Son dönemin en çok konuşulan belgeseli “The Game Changers”ı yeni izledim. Belgesel bizlere çoğumuzun doğru olarak bildiği, kendine göre de yanlış olan bir gerçekliği anlatmak istiyor; et yemeden de süper güçlü, sağlıklı, harika kaslara sahip olabilirsiniz ve bakın işte örnekleri diyor. Çok kısa da olsa, sonlarına doğru konuyu sürdürülebilir beslenme ve çevre konusuna da getiriyor.

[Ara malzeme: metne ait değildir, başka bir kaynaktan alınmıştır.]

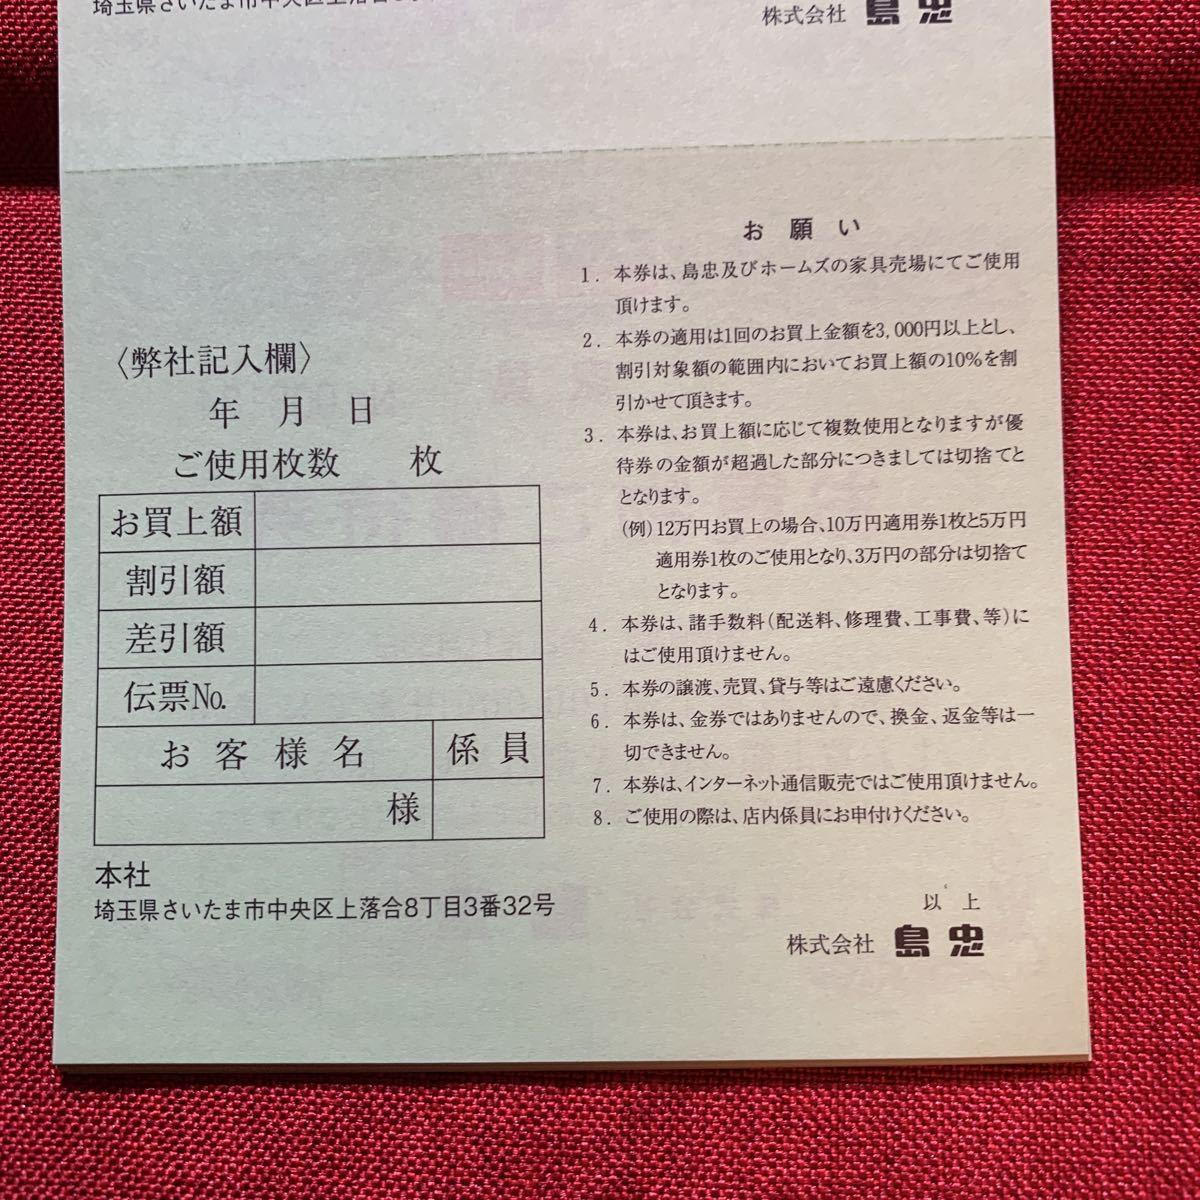 島忠株主優待 家具お買物ご優待10%割引券上限50000円×1枚 20211130 複数個数あり_画像5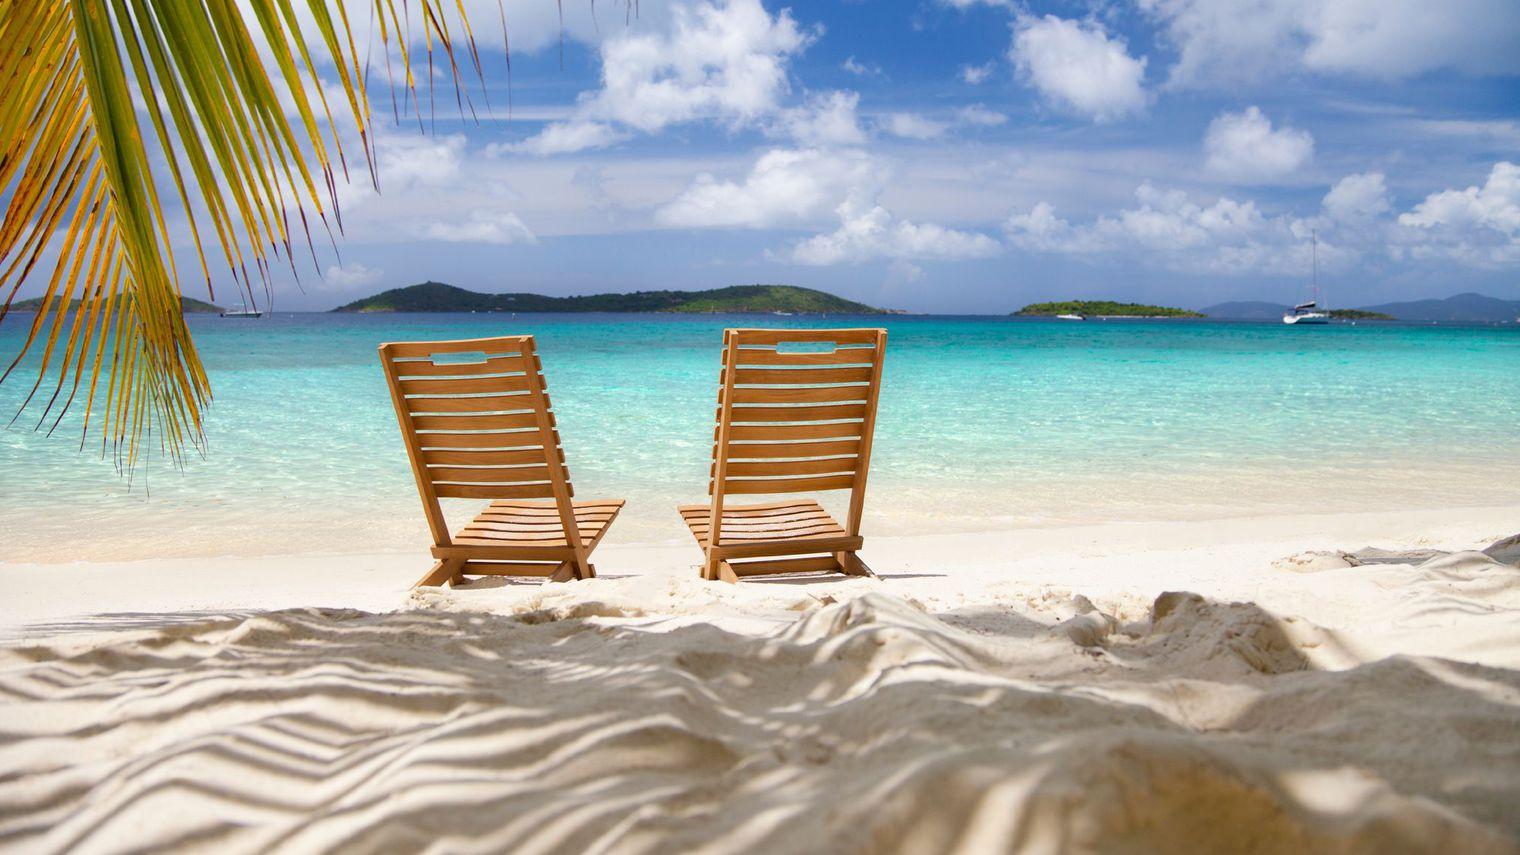 destination vacances ete en famille

Size belgeseli daha fazla anlatmayacağım, onu yalnızca girizgah olarak kullandık, konu ilginizi çekerse Netflix’te bulabilirsiniz. Başka bir derdimden bahsetmek istiyorum. İşim gereği bitki bazlı beslenme ve sebzelerin gücünün merkezinde bulunuyor olsam da, bir hamlede 550 kilo kaldırabilen dünyanın en güçlü adamının vegan olabileceğini tahmin etmiyordum. Her ne kadar sebze ağırlıklı beslensem ve özellikle yeşil yapraklı sebze sularının etkisini her gün cildimde, saçımda ve çok sevdiğim bir arkadaşımın da söylediği gibi psikolojimde görüp bununla mest olsam da “etejeryan” olduğumu söylemekle çoğunlukla gurur da duyarım.
Belirtmek isterim ki, bunu esprili bir şekilde yapıyorum, çoğu zaman bir tarafım hep fazla popüler olmuş konulara gülmeyi biraz sevmiştir. Yoksa işim gücüm belli ve son derece sebze ağırlıklı beslenen bir aileden geliyorum. Misss gibi zeytinyağlılar soframızdan hiç eksik olmaz. Tüm bu esprileri yaparken de, çok sevdiğim zeytinyağlı enginarı yerken de, ya da yeşil sebze suyumu pazarlarken de 550 kilo kaldırabilen birinin sadece bunlarla beslenebileceğini bilmiyordum. Çok etkilendim. Fakat sonradan aslında o adamın çok fazla protein tozu içtiğini ve belgesele dair başka hataları kanıtlayan başka belgeseller de izledim.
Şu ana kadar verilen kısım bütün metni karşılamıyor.